What is expected
Copy out all of the data word for word. Omit every picture.

(Collection entries)
+++++
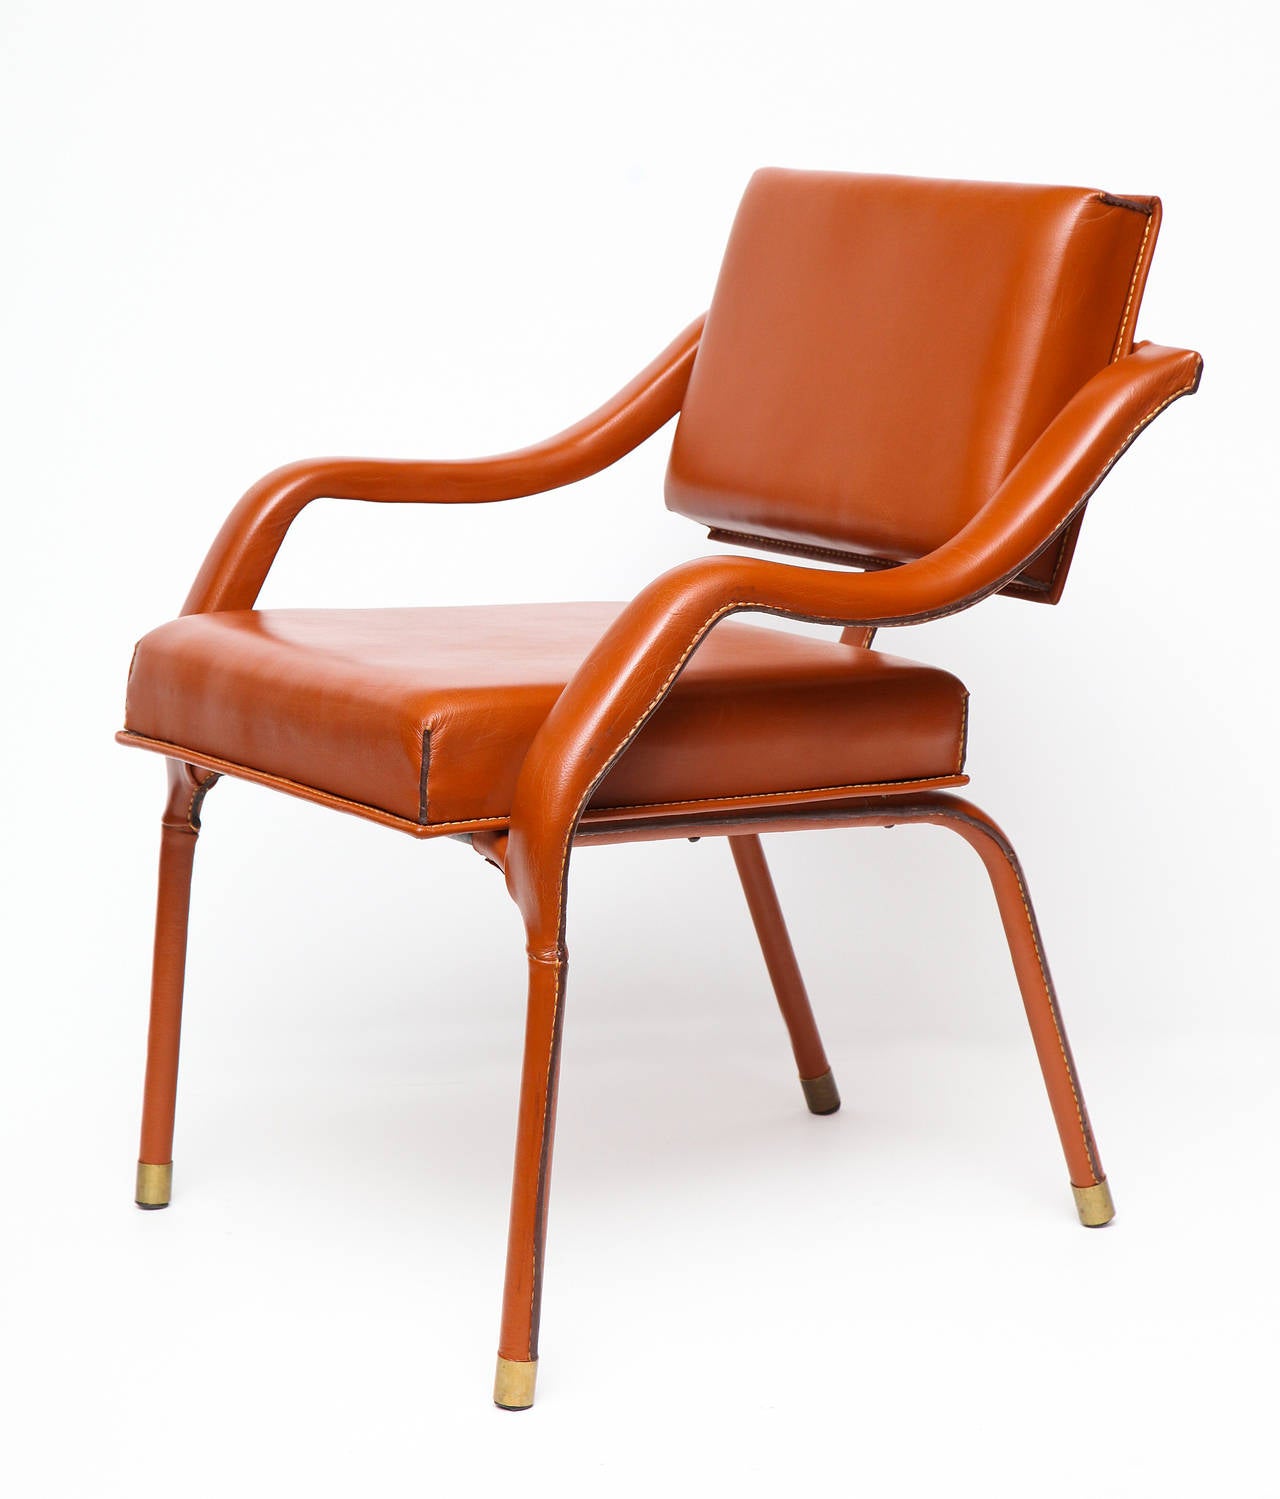 1960s leather armchair with metal sabots by Jacques Quinet.

An armchair with similar features is illustrated in Maldonando, Guitemie. Jacques Quinet. Paris: Les éditions de l'Amateur, 2000. 136.
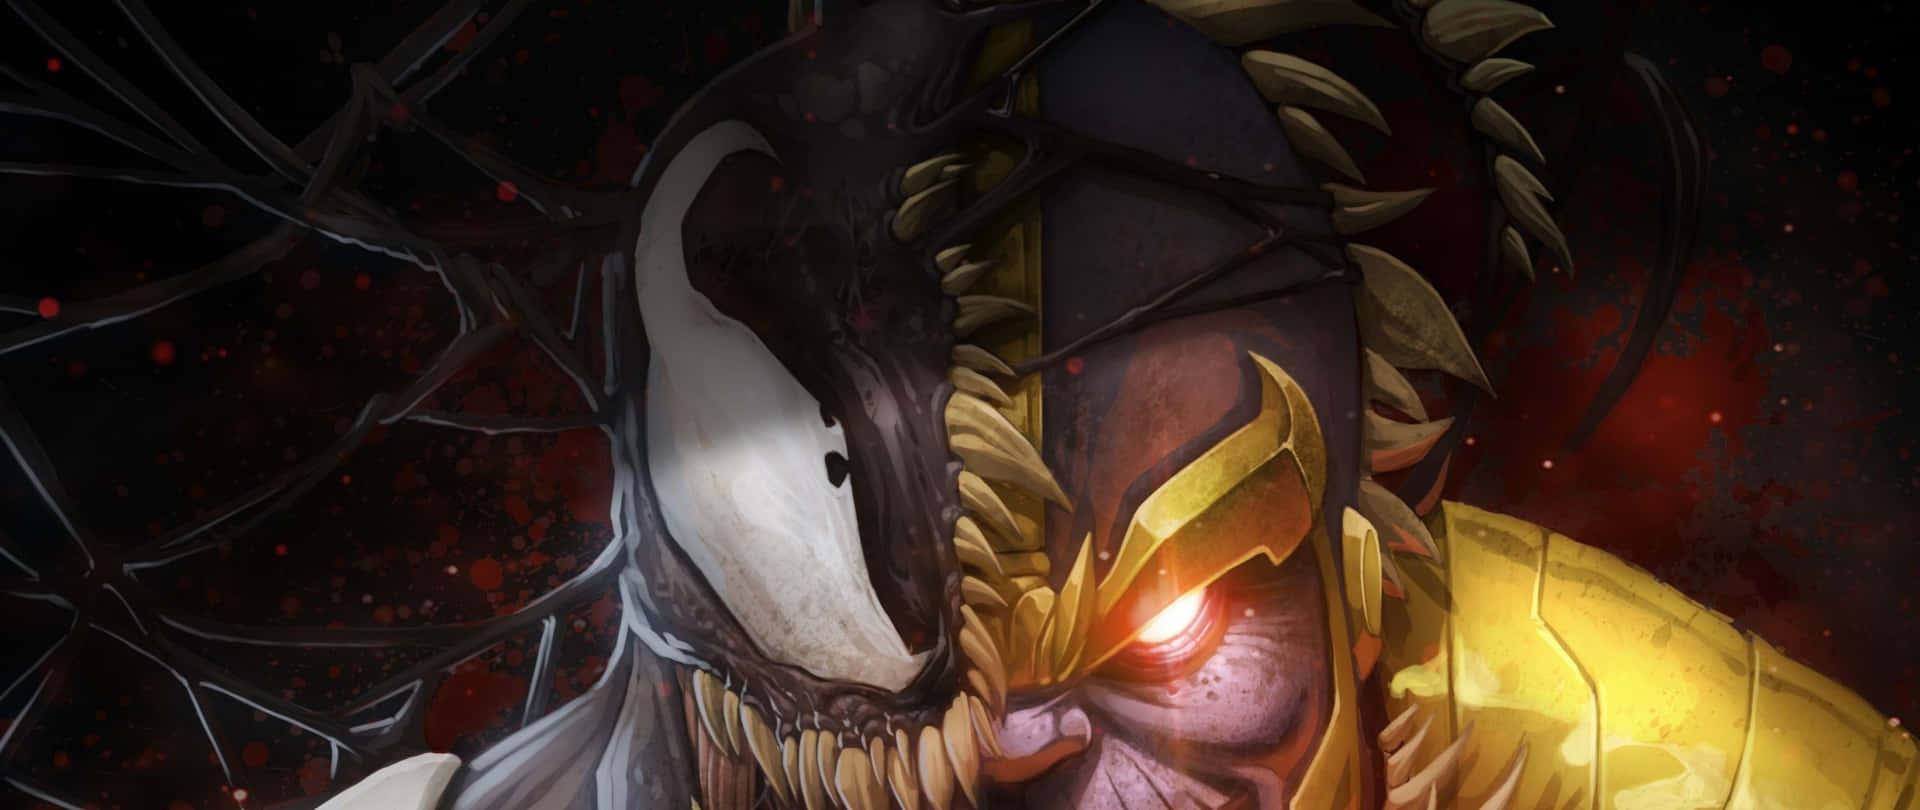 2560 X 1080 Marvel Comics Venom Wallpaper
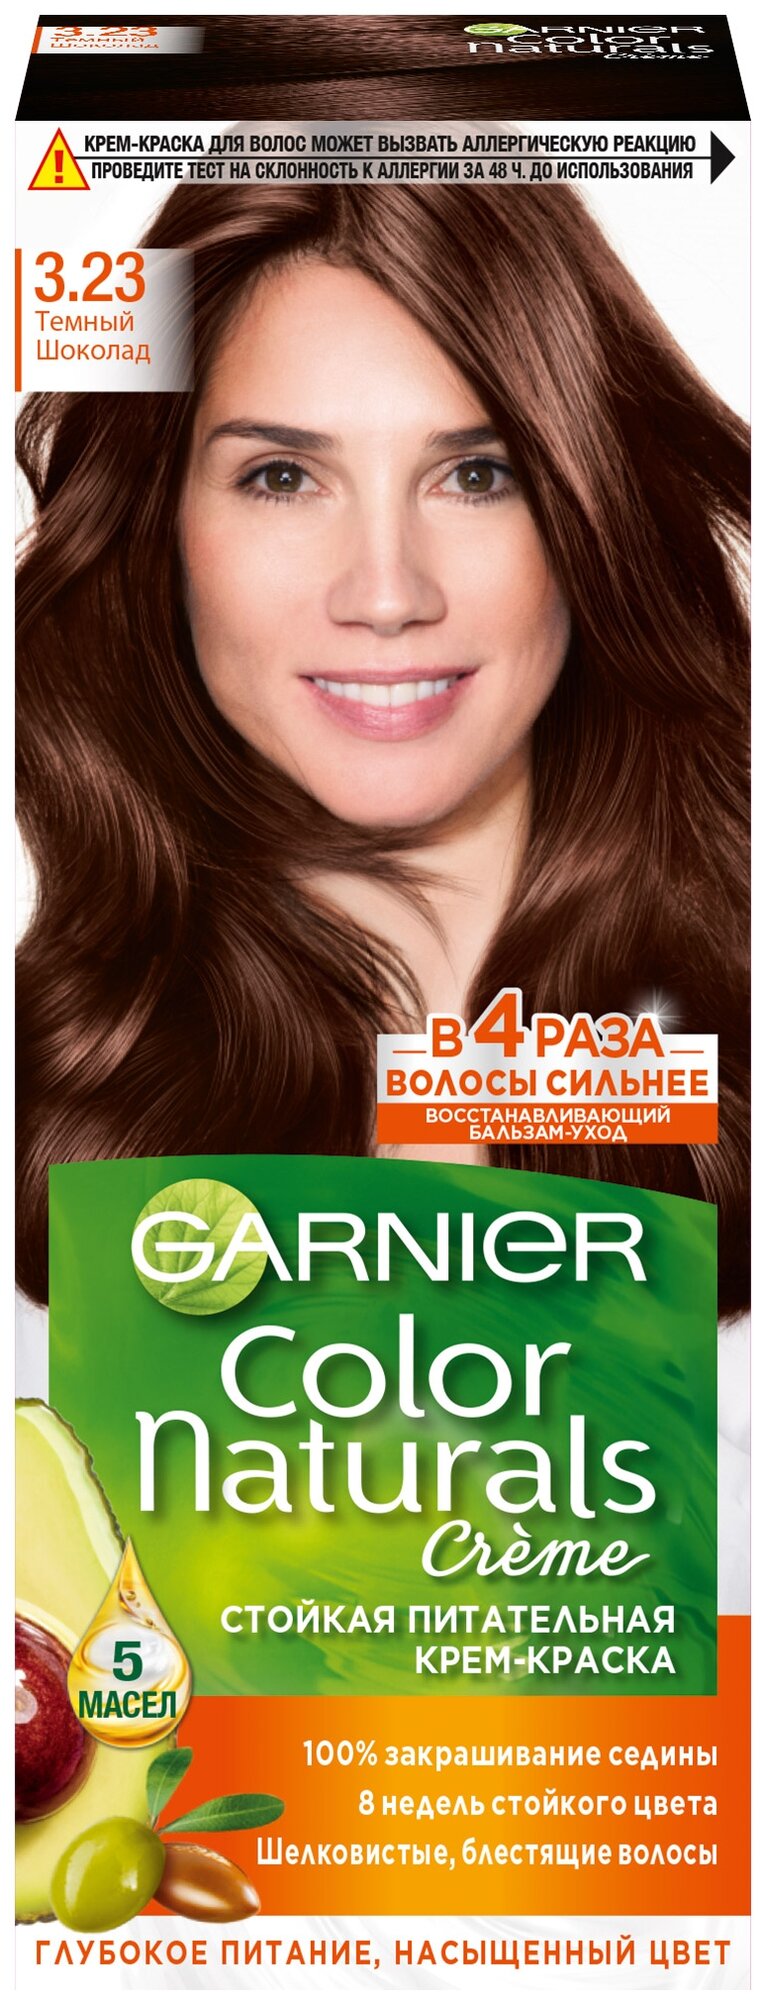 Гарньер Color Naturals Крем-краска для волос стойкая тон 3.23 темный шоколад с маслами оливы, авокадо, ши, клюквы и арганы 112мл / уход за волосами
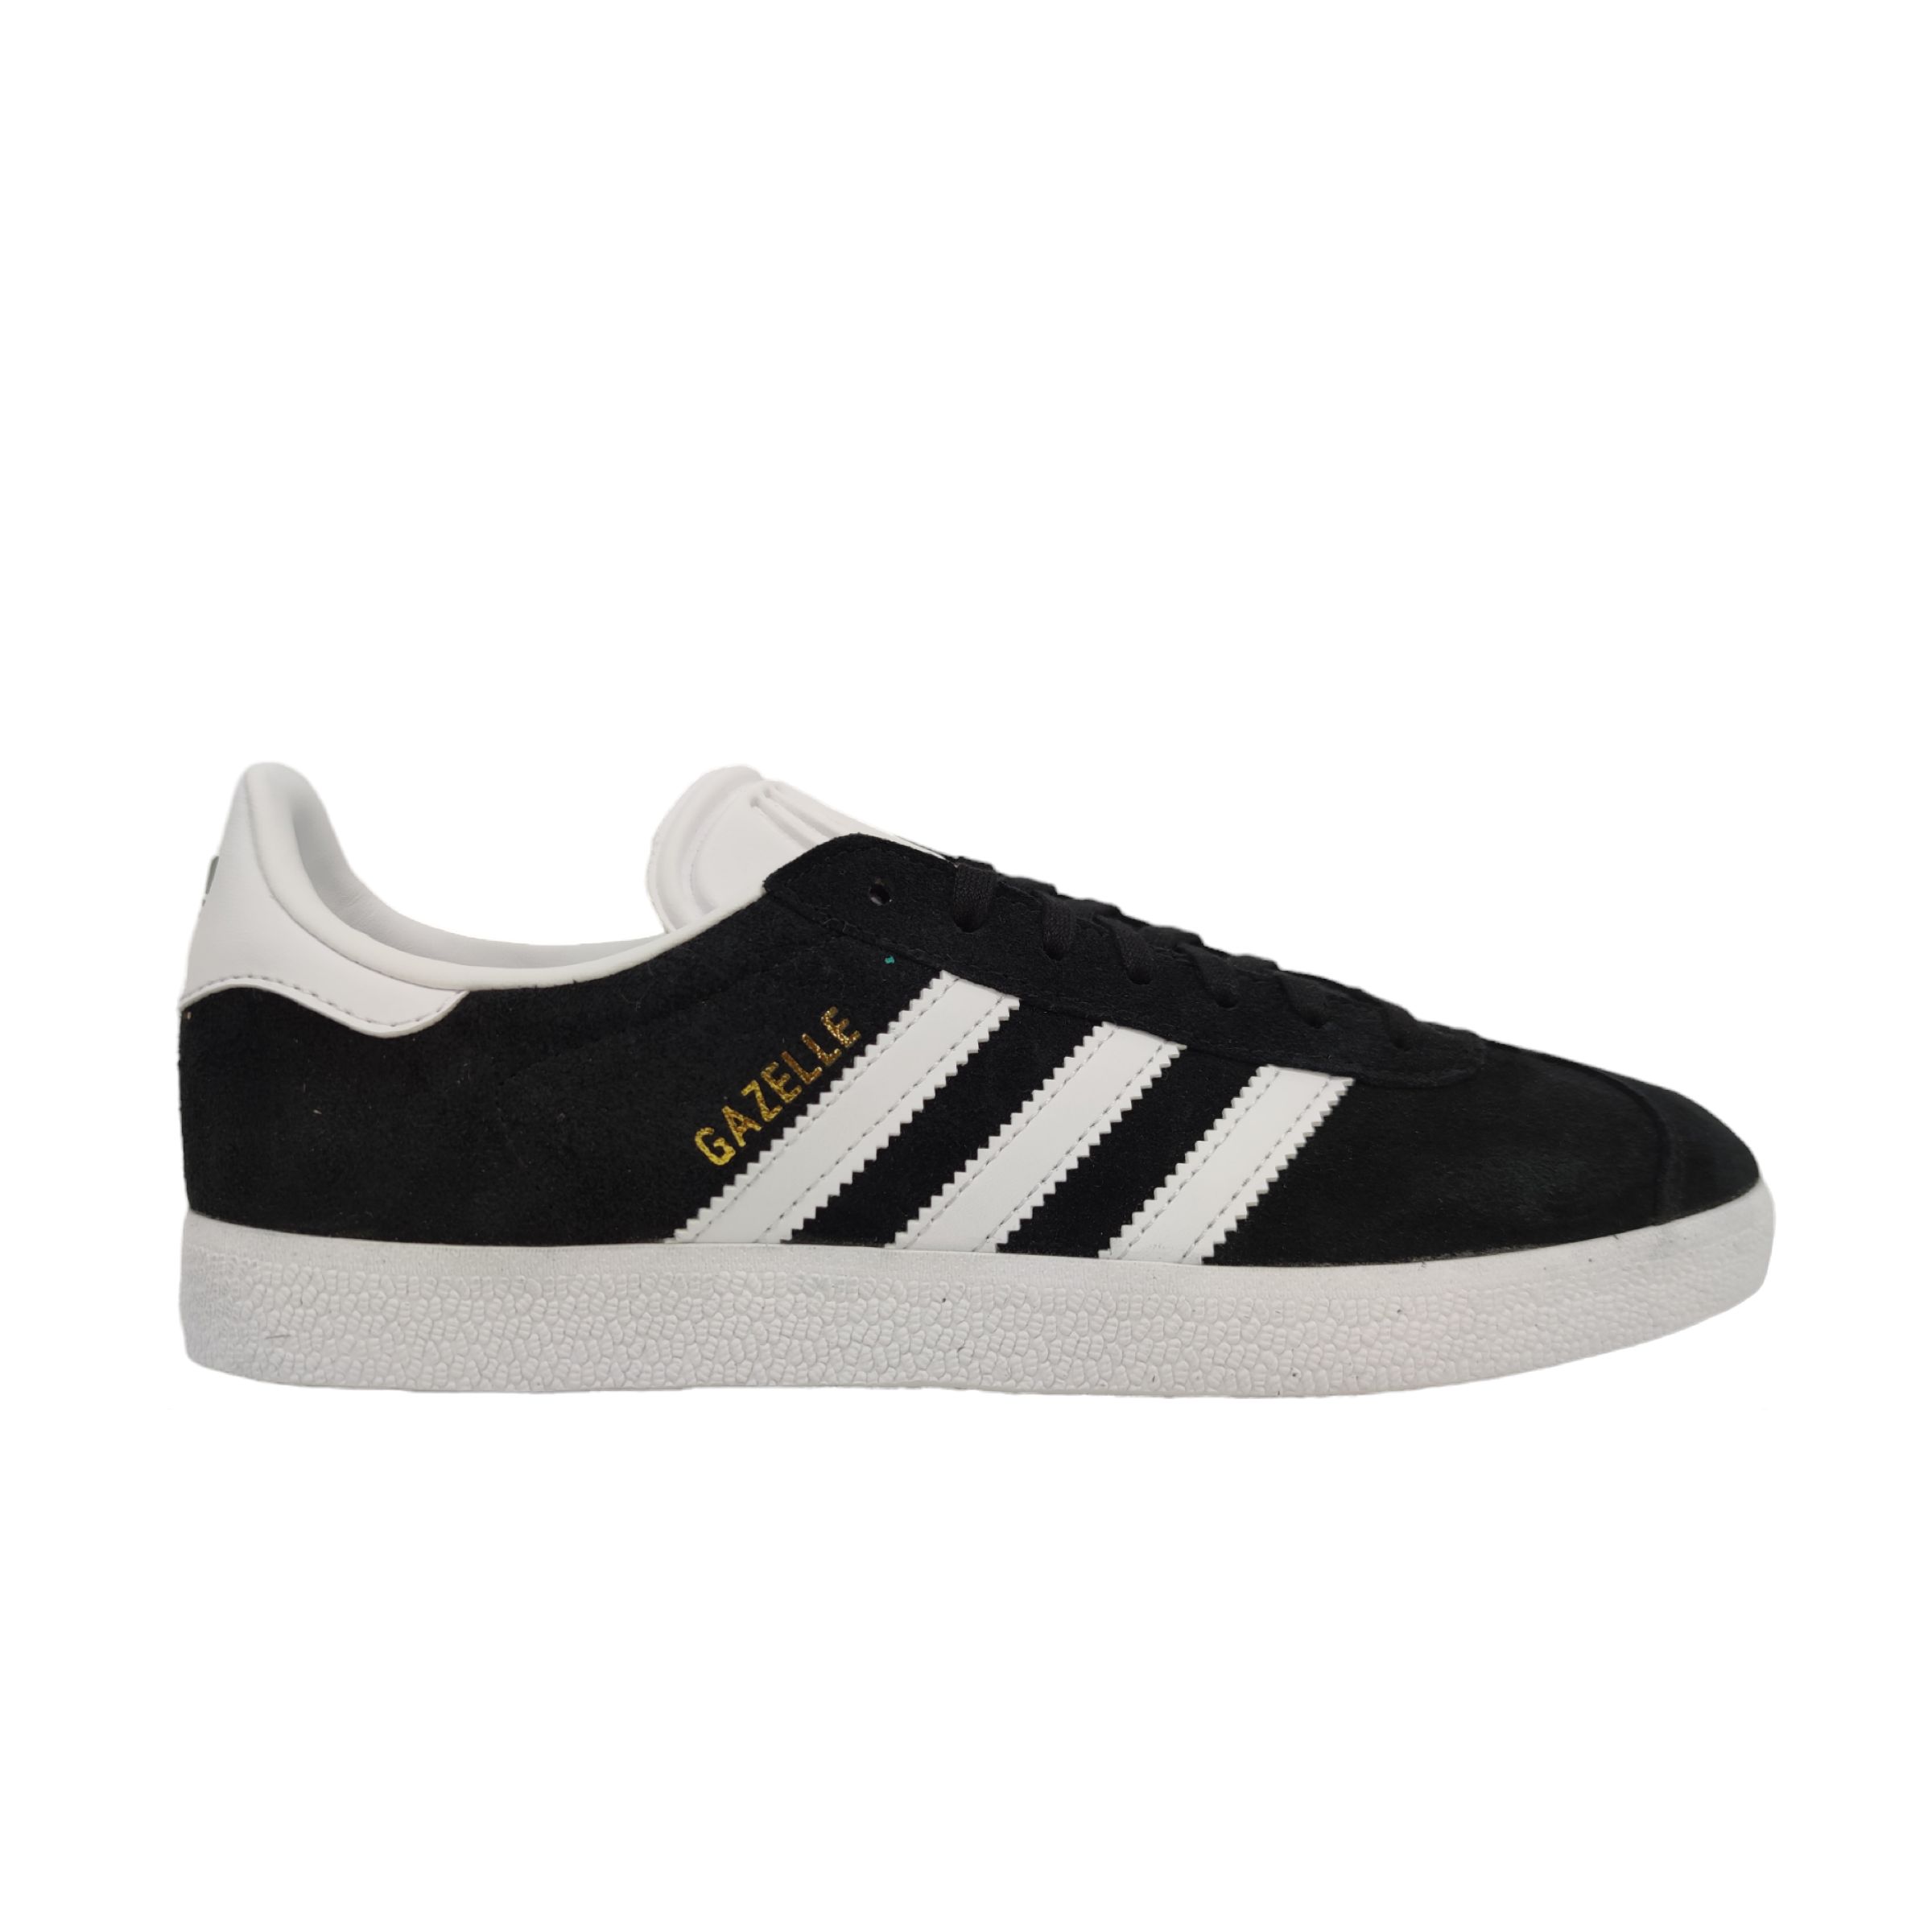 adidas-scarpe-gazelle-core-blackfootwear-whiteclear-granite
+++++
Exercise output
 1960s leather armchair with metal sabots by Jacques Quinet.

An armchair with similar features is illustrated in Maldonando, Guitemie. Jacques Quinet. Paris: Les éditions de l'Amateur, 2000. 136.
 2560 X 1080 Marvel Comics Venom Wallpaper
 Гарньер Color Naturals Крем-краска для волос стойкая тон 3.23 темный шоколад с маслами оливы, авокадо, ши, клюквы и арганы 112мл / уход за волосами
 adidas-scarpe-gazelle-core-blackfootwear-whiteclear-granite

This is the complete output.